The apparatus for encoding a TSDF volume according to yet another embodiment of the present disclosure may comprise: a memory that stores data and one or more instructions; and one or more processors for executing the one or more instructions stored in the memory, wherein, by executing the one or more instructions, the one or more processors are configured to: lossily encode magnitude information of a Truncated Signed Distance Field (TSDF) volume based on a hyperprior model, wherein some elements of a latent vector for the TSDF volume are selected and entropy-encoded based on selection information obtained through the hyperprior model, and losslessly encode sign information of the TSDF volume based on the hyperprior model, wherein the sign information of the TSDF volume is entropy-encoded based on probability distribution information of the latent vector obtained through the hyperprior model.

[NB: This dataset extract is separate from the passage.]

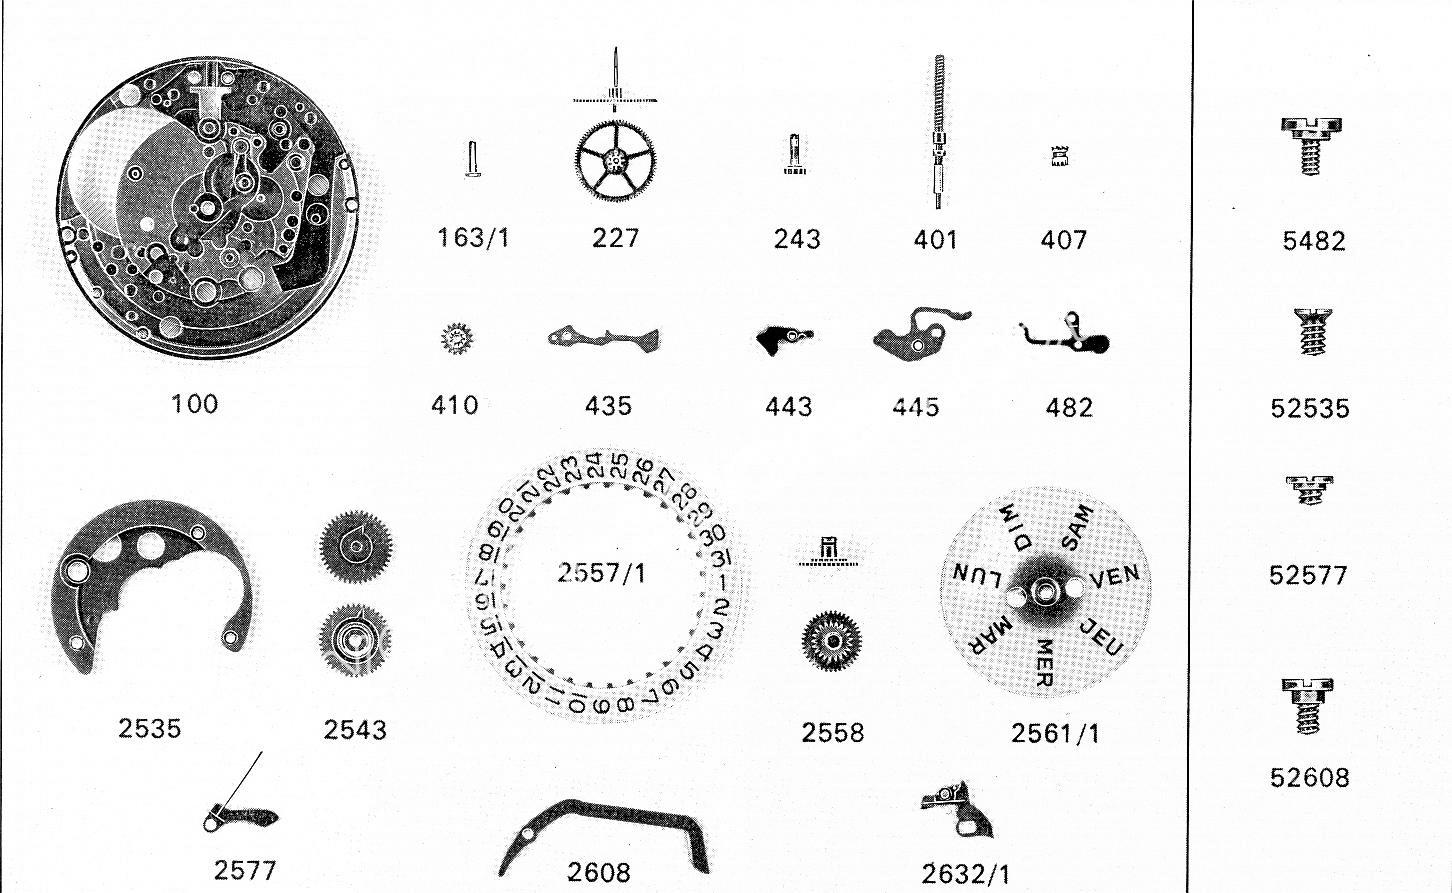 Favre leuba FL 1134 watch date parts

According to one embodiment of the present disclosure, TSDF volume data can be efficiently compressed.
Moreover, it is possible to reduce the number of latent representation elements to be encoded and improve the efficiency of TSDF volume data compression, by lossily compressing the magnitude information of a TSDF volume, that is, by selecting and encoding some of latent representation elements to adapt to geometric complexity.

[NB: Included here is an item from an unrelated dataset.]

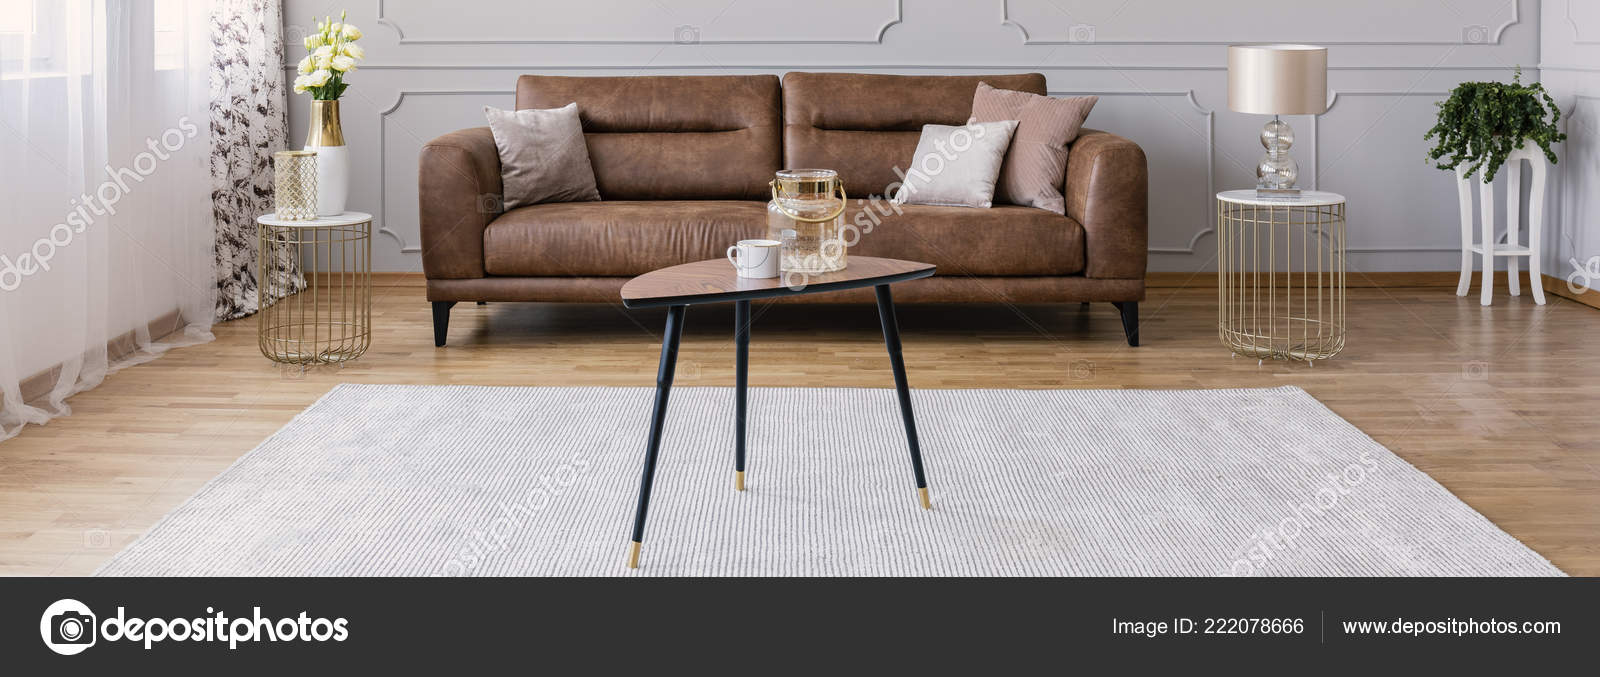 Panoramic View Stylish Interior Design, Small Brown Leather Sofa

In addition, it is possible to prevent topological deformation of a mesh that can be extracted from a TSDF volume, by lossly compressing the magnitude information of the TSDF volume and losslessly encoding the sign information of the TSDF volume.
The present disclosure may be variously changed, and may have various embodiments, and specific embodiments will be described in detail below with reference to the attached drawings. However, it should be understood that those embodiments are not intended to limit the present disclosure to specific disclosure forms, and that they include all changes, equivalents or modifications included in the spirit and scope of the present disclosure.
Detailed descriptions of the following exemplary embodiments will be made with reference to the attached drawings illustrating specific embodiments. These embodiments are described so that those having ordinary knowledge in the technical field to which the present disclosure pertains can easily practice the embodiments. It should be noted that the various embodiments are different from each other, but do not need to be mutually exclusive of each other. For example, specific shapes, structures, and characteristics described here may be implemented as other embodiments without departing from the spirit and scope of the embodiments in relation to an embodiment. Further, it should be understood that the locations or arrangement of individual components in each disclosed embodiment can be changed without departing from the spirit and scope of the embodiments. Therefore, the accompanying detailed description is not intended to restrict the scope of the disclosure, and the scope of the exemplary embodiments is limited only by the accompanying claims, along with equivalents thereof, as long as they are appropriately described.
In the drawings, similar reference numerals are used to designate the same or similar functions in various aspects. The shapes, sizes, etc. of components in the drawings may be exaggerated to make the description clear.
In the present disclosure, it will be understood that, although the terms “first”, “second”, etc. may be used herein to describe various components, these components should not be limited by these terms. These terms are only used to distinguish one component from other components. For instance, a first component discussed below could be termed a second component without departing from the teachings of the present disclosure. Similarly, a second component could also be termed a first component. The term “and/or” includes any and all combinations of one or more of the associated listed items.
It will be understood that when a component is referred to as being “connected” or “coupled” to another component, it can be directly connected or coupled to the other component, or intervening components may be present. In contrast, it should be understood that when a component is referred to as being “directly connected” or “directly coupled” to another component, there are no intervening component present.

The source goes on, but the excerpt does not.